----- Data segment -----

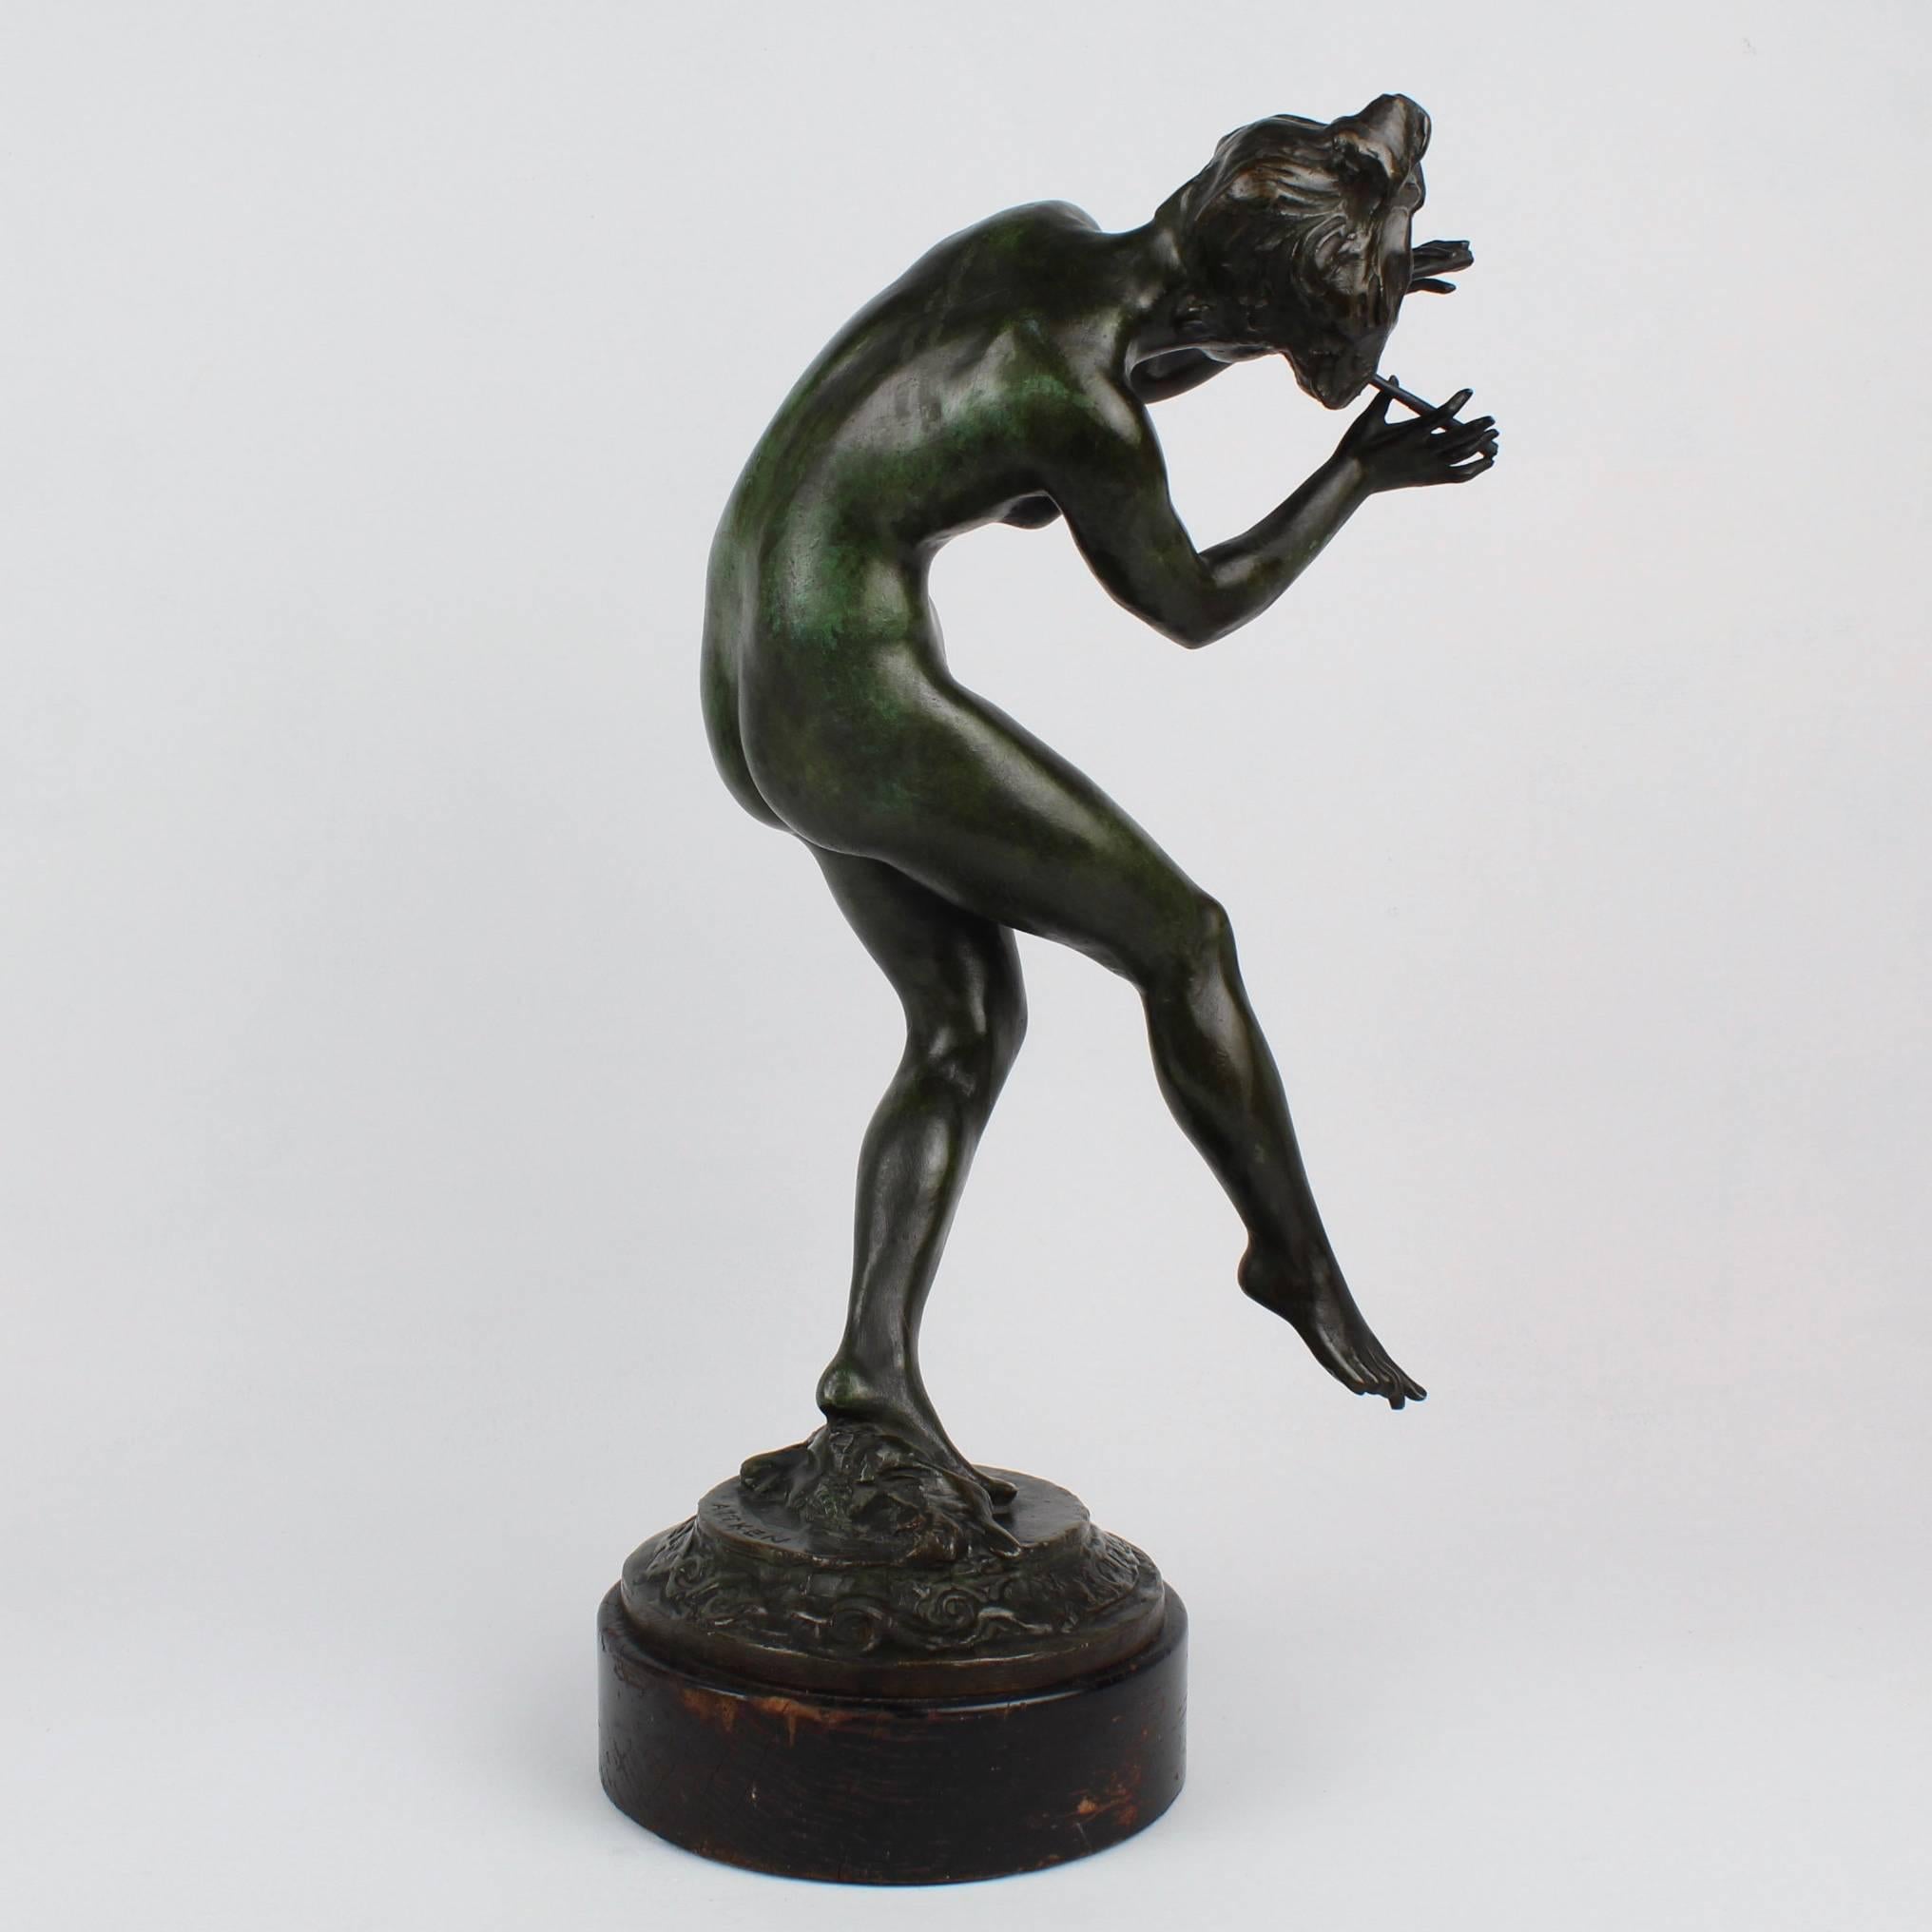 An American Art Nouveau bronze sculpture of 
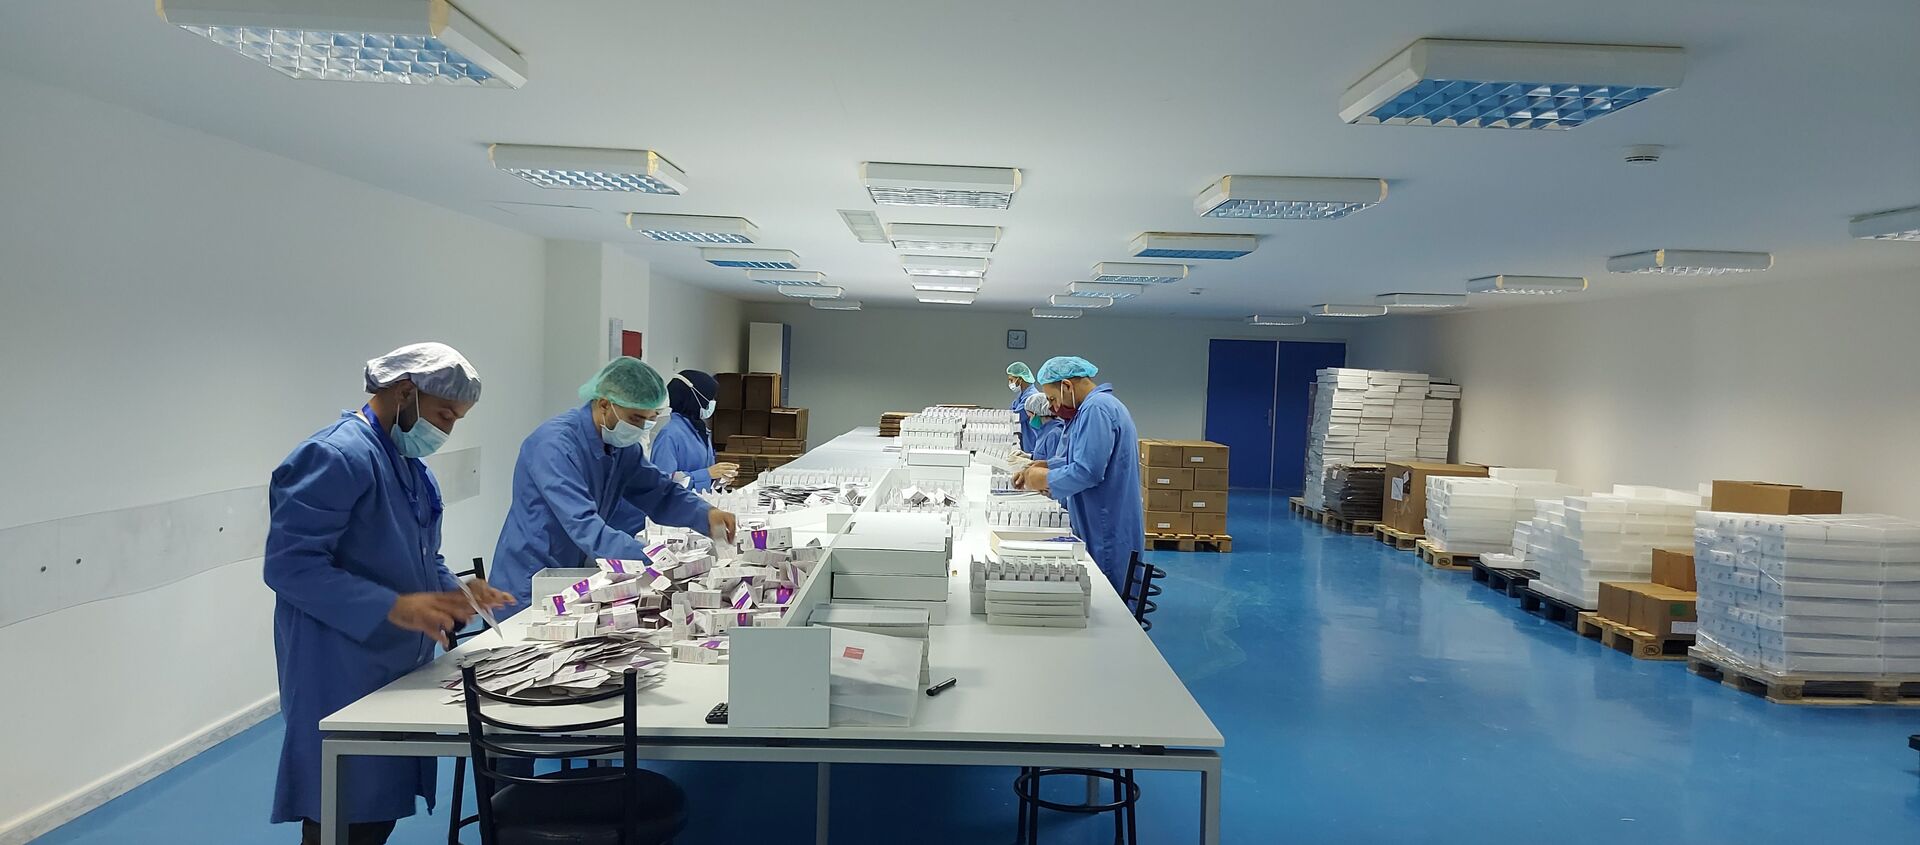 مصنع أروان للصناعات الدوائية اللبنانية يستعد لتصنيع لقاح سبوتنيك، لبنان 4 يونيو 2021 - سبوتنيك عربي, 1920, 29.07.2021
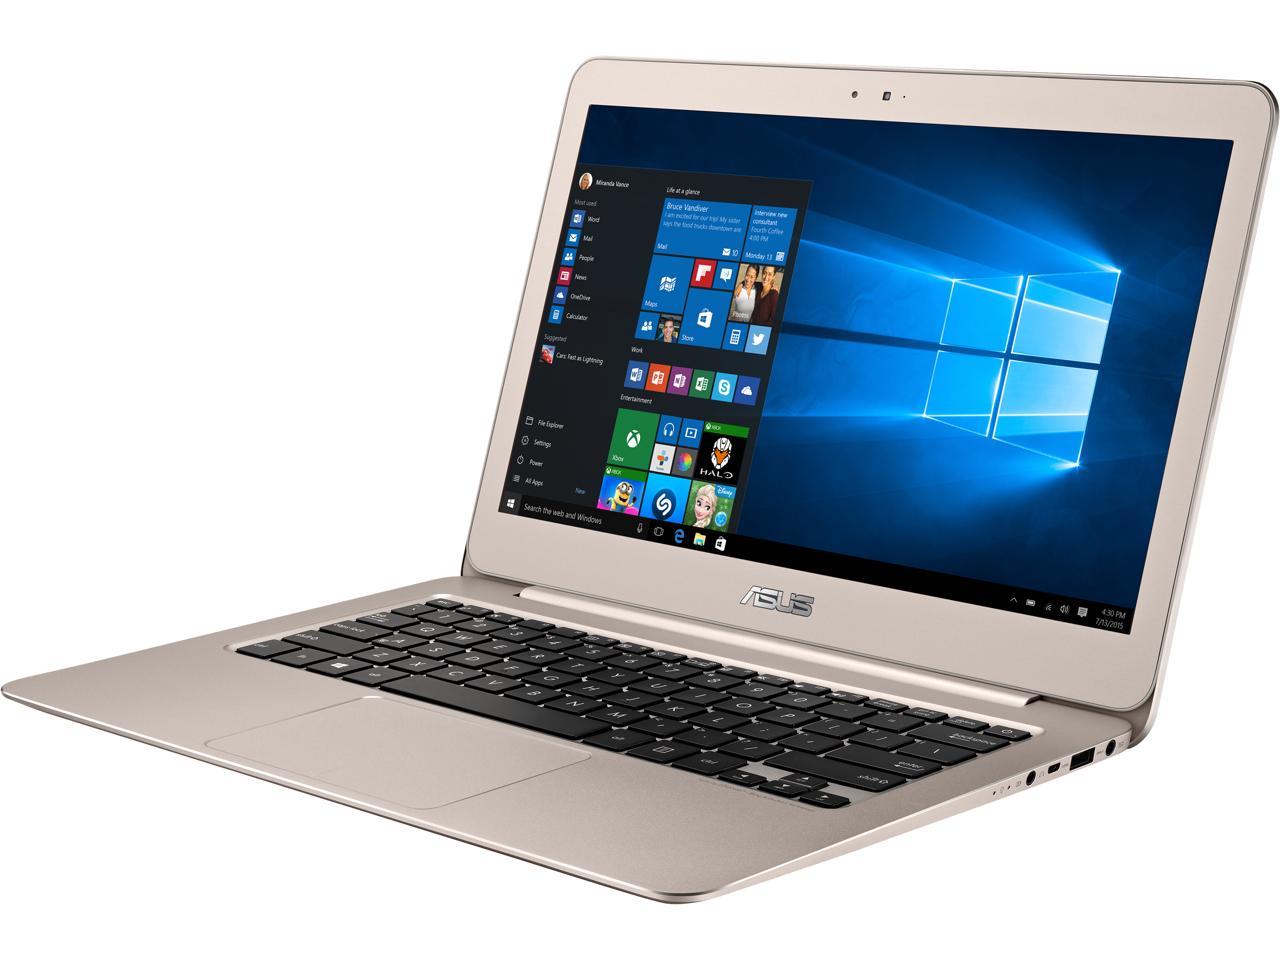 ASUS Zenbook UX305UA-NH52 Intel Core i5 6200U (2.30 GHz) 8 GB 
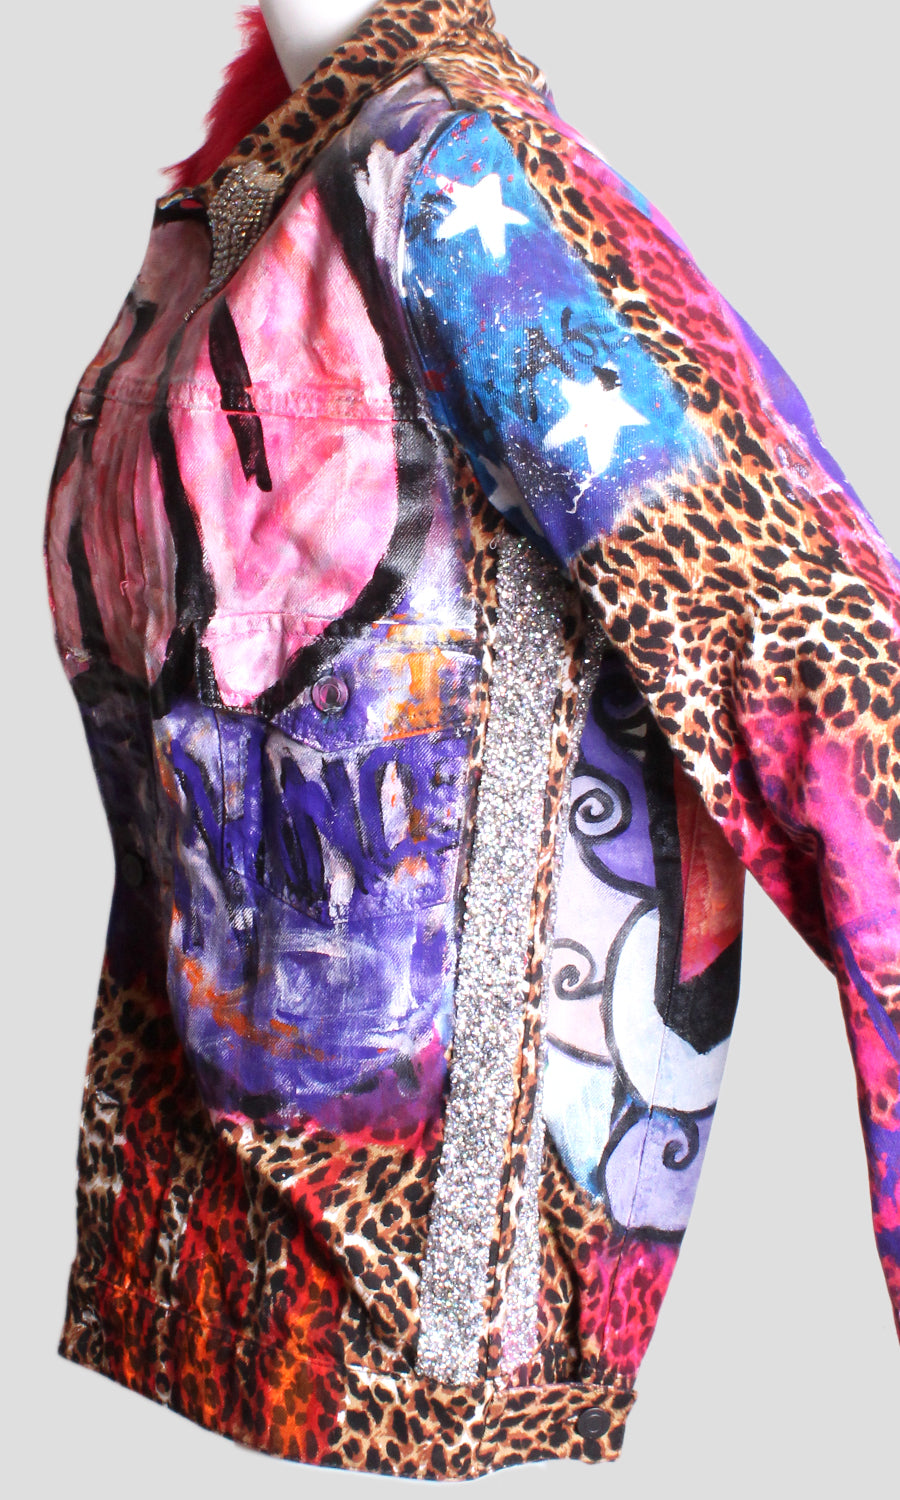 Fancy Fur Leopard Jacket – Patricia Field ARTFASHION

-----

> **What the task asks**
Copy all the lines of data exactly as they appear, dropping any images.

> **Exercise result**
 An American Art Nouveau bronze sculpture of 
 مصنع أروان للصناعات الدوائية اللبنانية يستعد لتصنيع لقاح سبوتنيك، لبنان 4 يونيو 2021 - سبوتنيك عربي, 1920, 29.07.2021
 ASUS Zenbook UX305UA-NH52 Intel Core i5 6200U (2.30 GHz) 8 GB 
 Fancy Fur Leopard Jacket – Patricia Field ARTFASHION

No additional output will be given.